Monday, July 01, 2013


Do the politically powerful have special license to break the law?

by Larry Geller

In Hawaii, we have our politically powerful senators who (among others, no doubt) appear to escape penalties that might be applied to less-powerful others. On the national scene, we are watching politicians lie and get away with it as the NSA spy scandal unfolds. Not that we needed to wait for this particular moment to reflect on American injustice, just that it nicely illustrates the point: the politically powerful often seem to have an immunity of some kind from laws that should apply to all of us.

“James Clapper Is Still Lying”: That would be a more honest headline for yesterday’s big Washington Post article about the director of national intelligence’s letter to the U.S. Senate.

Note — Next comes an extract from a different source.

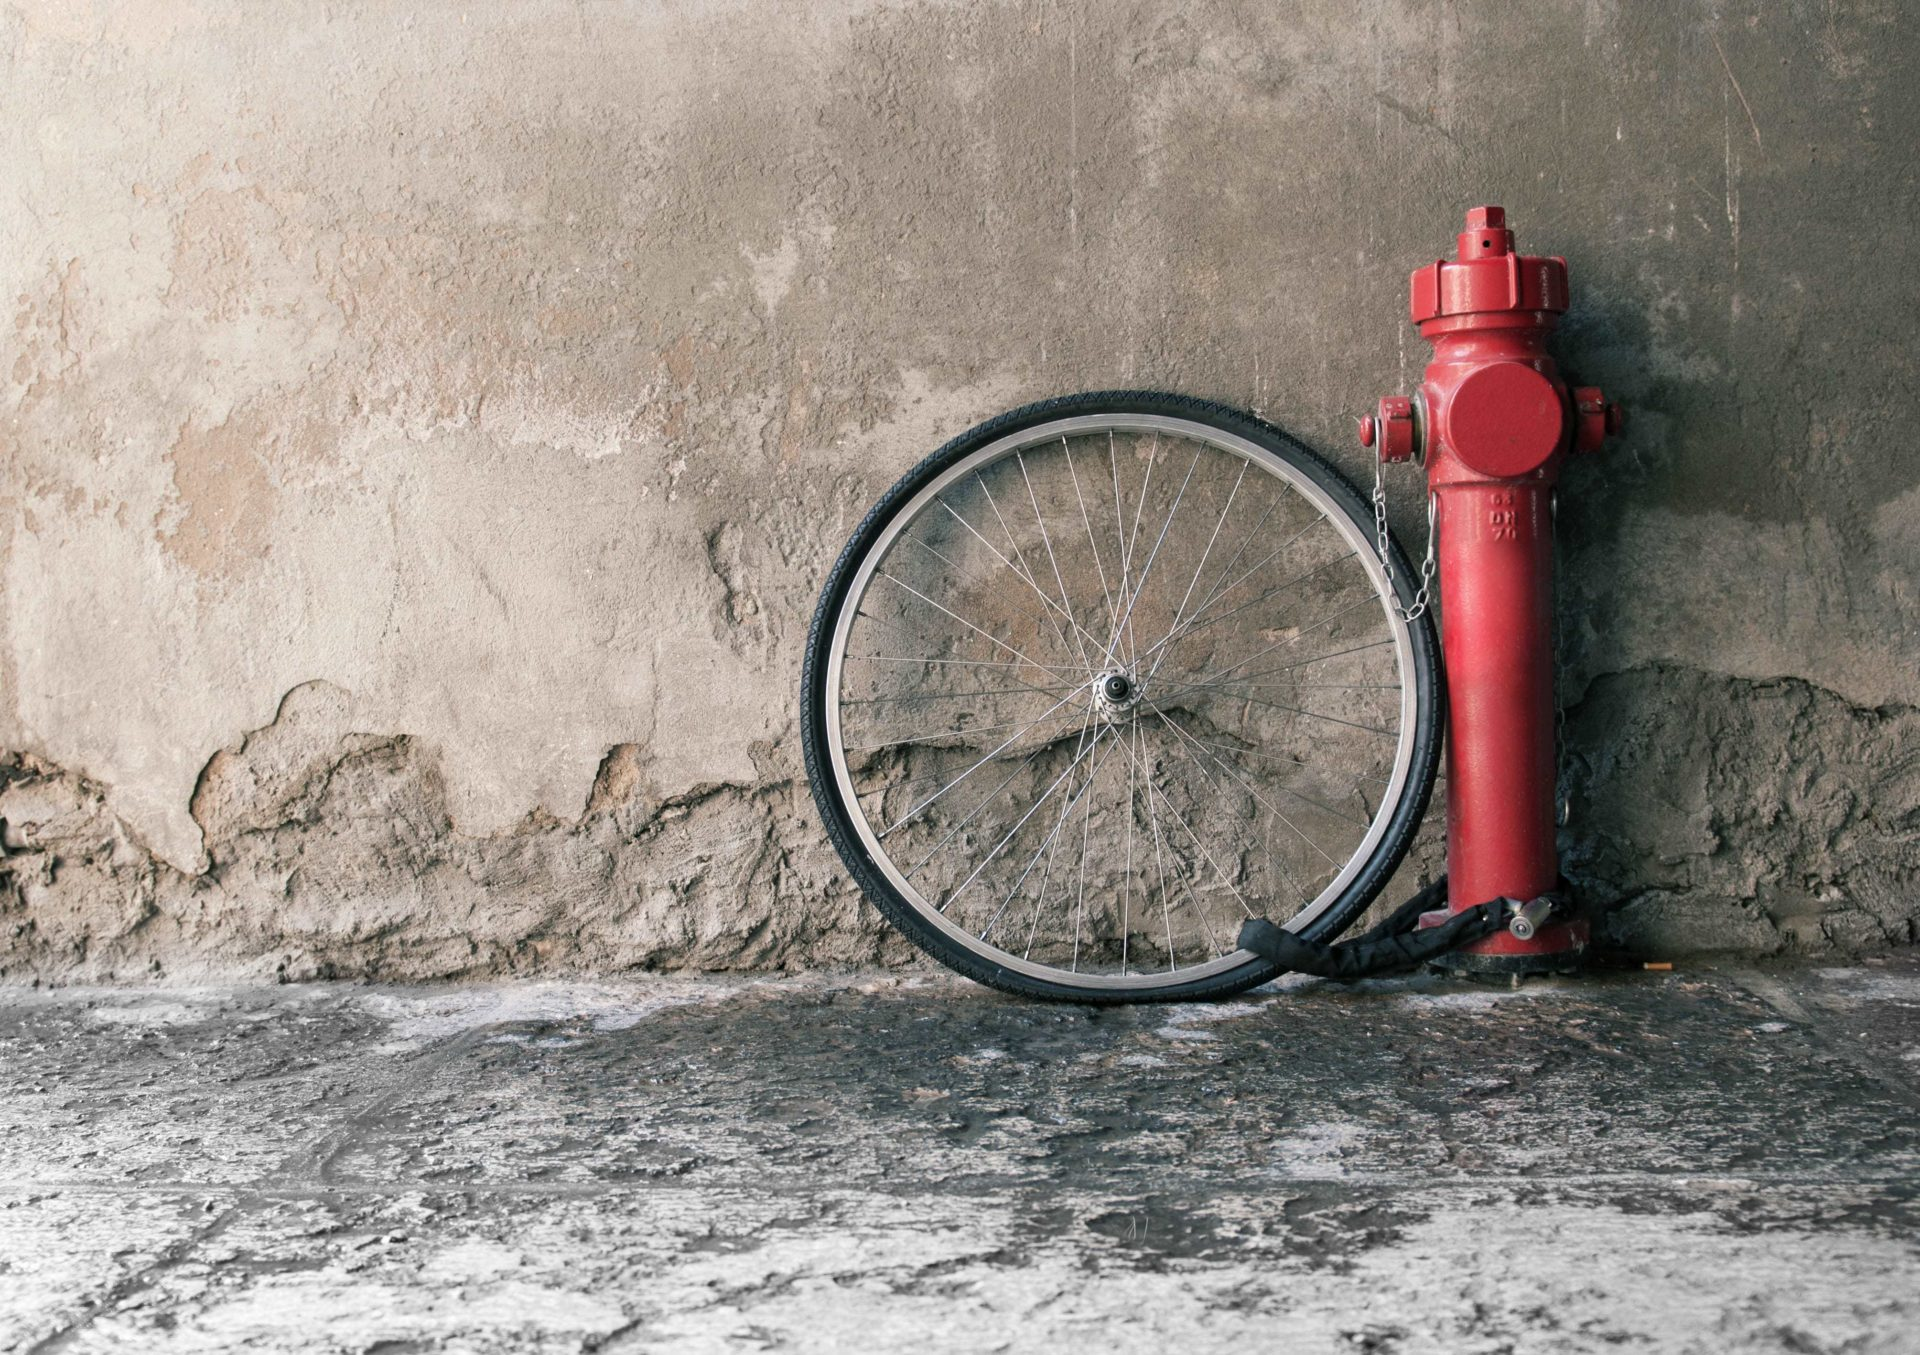 seguro de bicicleta protege contra furto

Clapper, you may recall, unequivocally said “no, sir” in response to Sen. Ron Wyden, D-Ore., asking him: “Does the NSA collect any type of data at all on millions or hundreds of millions of Americans?” Clapper’s response was shown to be a lie by Snowden’s disclosures, as well as by reports from the Guardian, the Washington Post, the Associated Press and Bloomberg News (among others). This is particularly significant, considering lying before Congress prevents the legislative branch from performing oversight and is therefore a felony.

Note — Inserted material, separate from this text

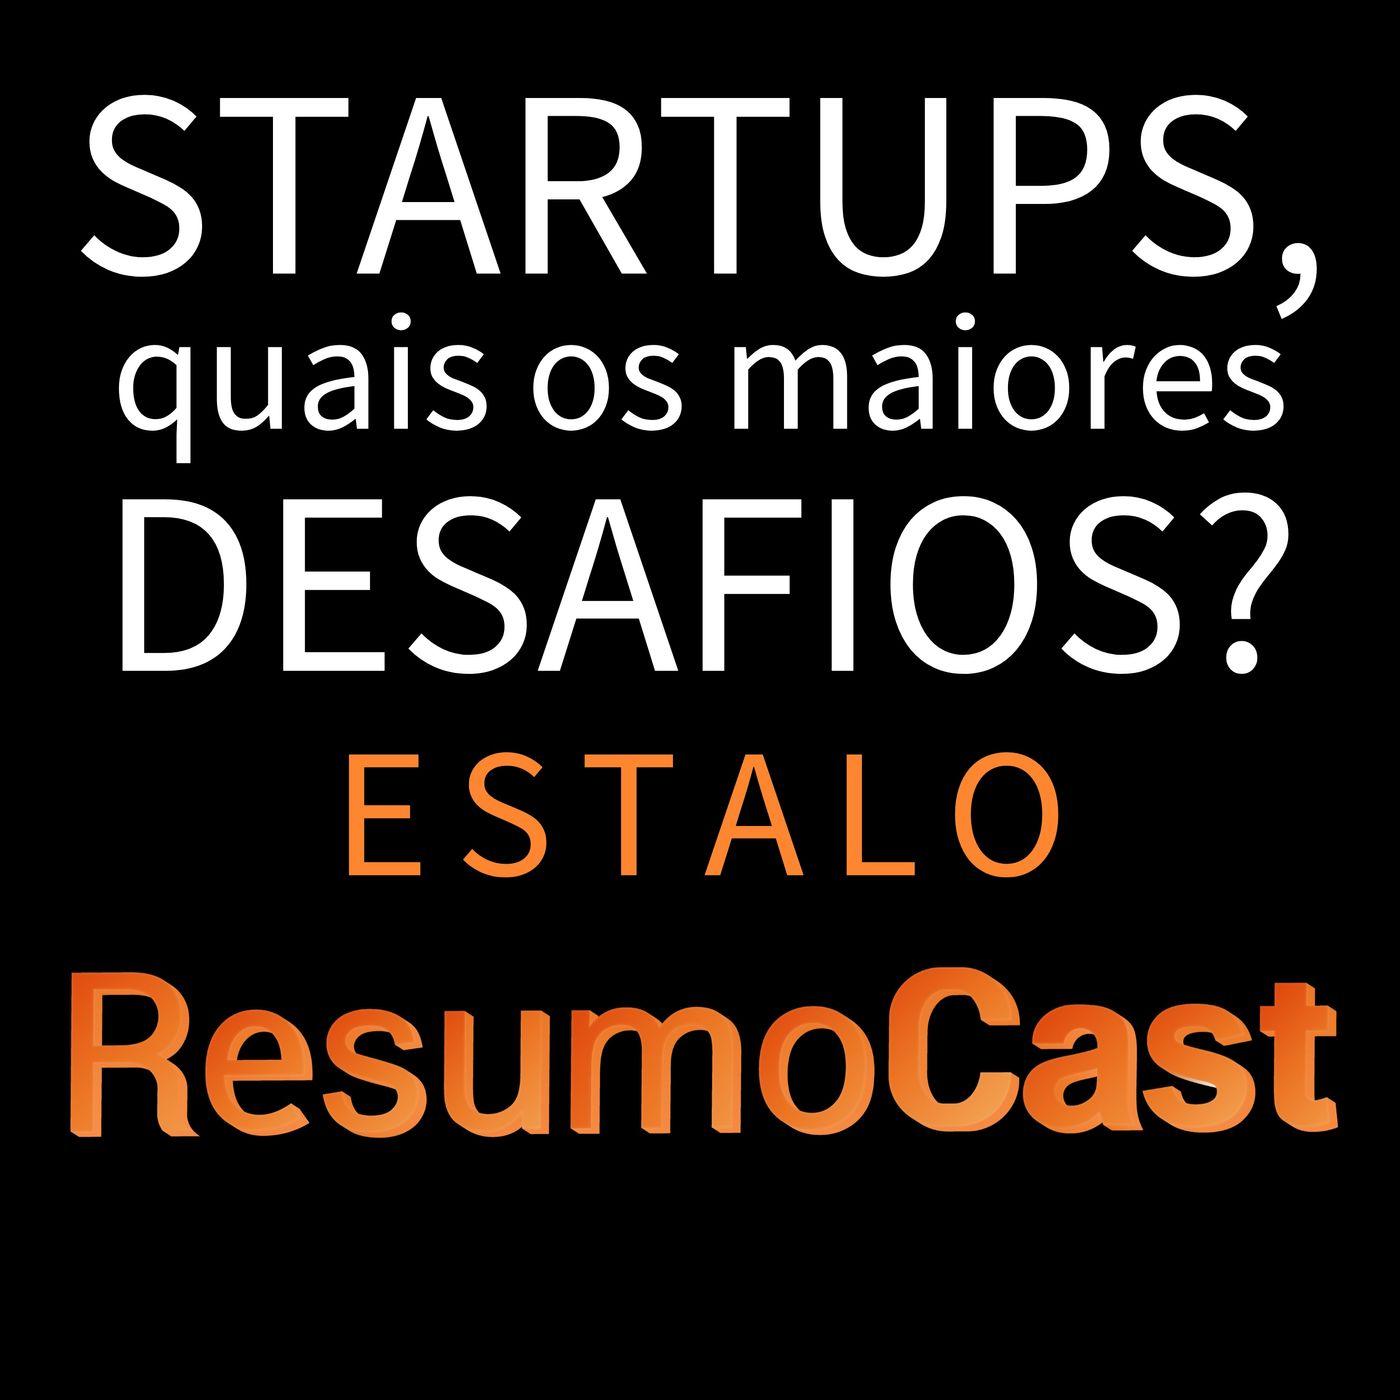 ESTALO | STARTUPS, quais os maiores desafios?

[Slate, James Clapper is still lying to America, 7/1/2013]

It’s worth reading the entire article, but the question it places on the table clearly is whether Clapper will be prosecuted or will be given a pass?

We know the probable answer. Let’s face it, presidents lie all the time. Kissinger, Cheney, Bush—and others—still have not been prosecuted for war crimes.

Out of all people, [Obama] has to understand that equal protection under the law means treating Clapper (and Alexander, who also lied to Congress) exactly the same way his administration treated pitcher Roger Clemens. Otherwise, the message from the government would be that lying to Congress about baseball is more of a felony than lying to Congress about Americans’ Fourth Amendment rights.


President Obama should be concerned. According to NSA whisleblower Russell Tice the NSA was directed in 2006 to check emails and phones calls on then U.S. Senator Barack Obama by none other than Dick Cheney. This was on the Peter B. Collins free podcast dated 6/20/13.